Friday, November 14, 2008
Any similarities here?

The USPS announced today a loss of over 2.8 billion dollars. Among the reasons mentioned was loss of mail volume. Is it any surprise that when the USPS levied not one, but two hefty increases on first class and bulk mailers over the past 18 months
and imposed new regulations for mailers to comply with, that mailers would cut back and/or look for alternative means of delivery... or stop mailing entirely? Hello?
When you increase costs to businesses, they cut back. Layoffs, reduced production or pass along price increases to consumers ensue. Worst case, shuttering entirely.
Raising expenses on businesses will not increase profits anywhere. The USPS must examine its business model and begin to revamp all with an eye towards reclaiming the loss of volume from DM. Renegotiate all their programs with an eye towards bringing mailers back with more cost effective mailing processes and lower postal rates.
Lower your expenses, lower your rates, increase your volume, increase your profits.
Labels: postage
Thursday, September 25, 2008
9 billion fewer pieces of mail

Postmaster General John Potter seems surprised at the fact that the Post Office will see this type
of short fall. What did he expect? Raise postal rates on first class and 3rd class bulk and you expect a
business increase? Let's go
through this; more and more individuals are paying bills online. More and more people are using electronic methods to
communicate as opposed to posting letters. But I believe this is a small portion of the 9 billion shortfall. The biggest cut comes from the Post Office's best customer, direct mail. We all know what happened there.

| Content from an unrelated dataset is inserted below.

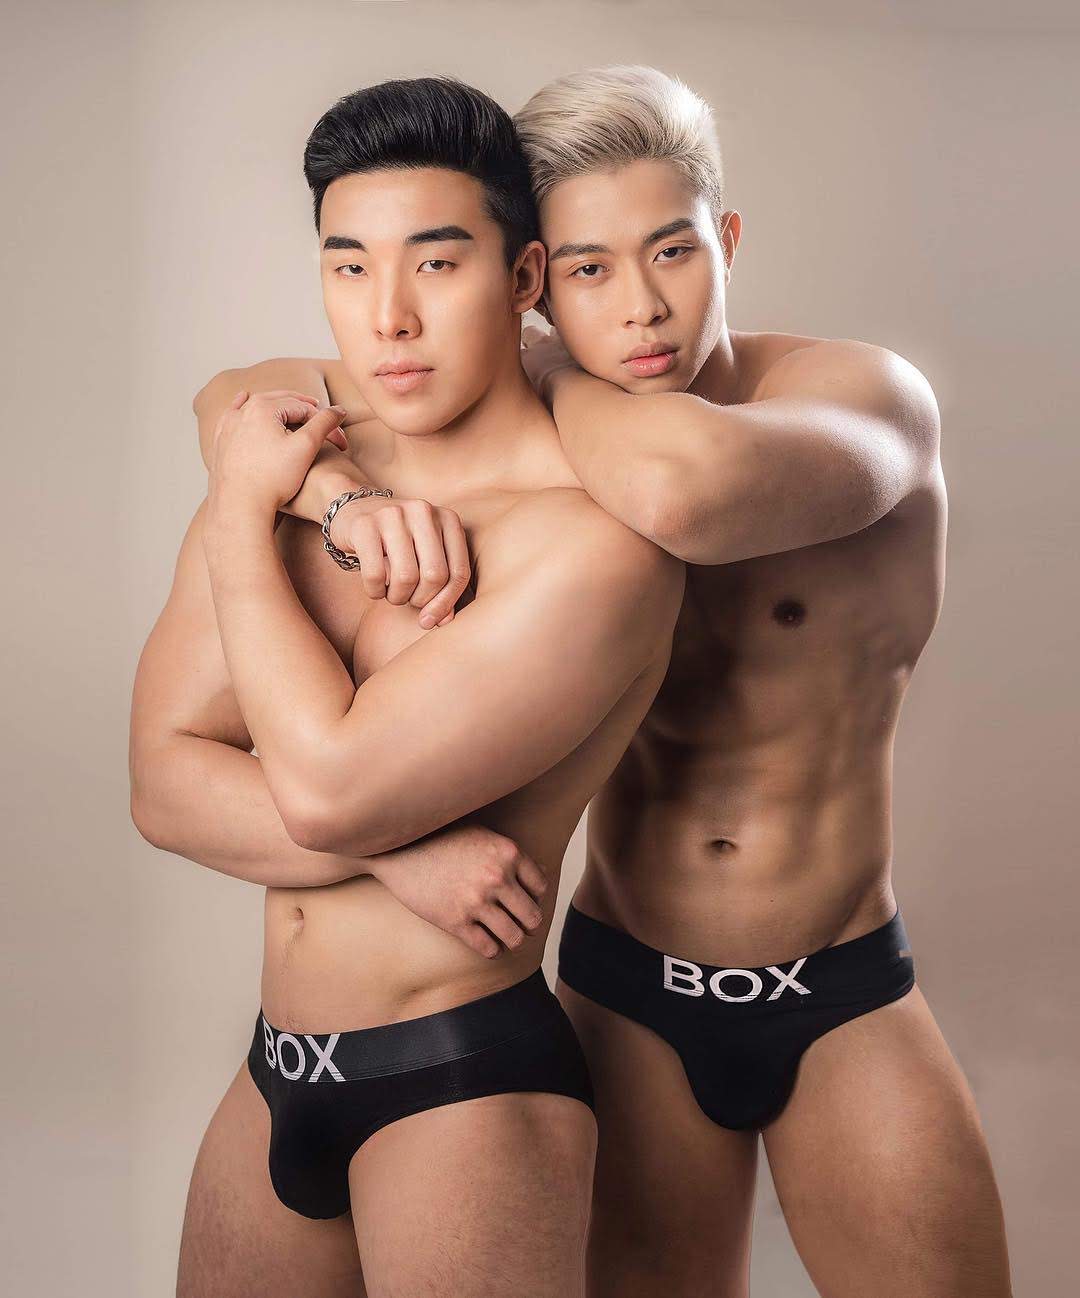 видео с корейскими геями фото 65

What if the post office created various levels of delivery services. Each level would have different costs to consumers and businesses but they would be more in tune with the specific business or consumer need. Example, most businesses don't need Saturday delivery. So that's a five day delivery commercial fee. Many consumers may not need Saturday delivery either. That would be a five day consumer rate. It could go as low as three day delivery.
If they reduce their costs they could reduce their rates thus increasing business.
Certainly this needs work, but it's a thought.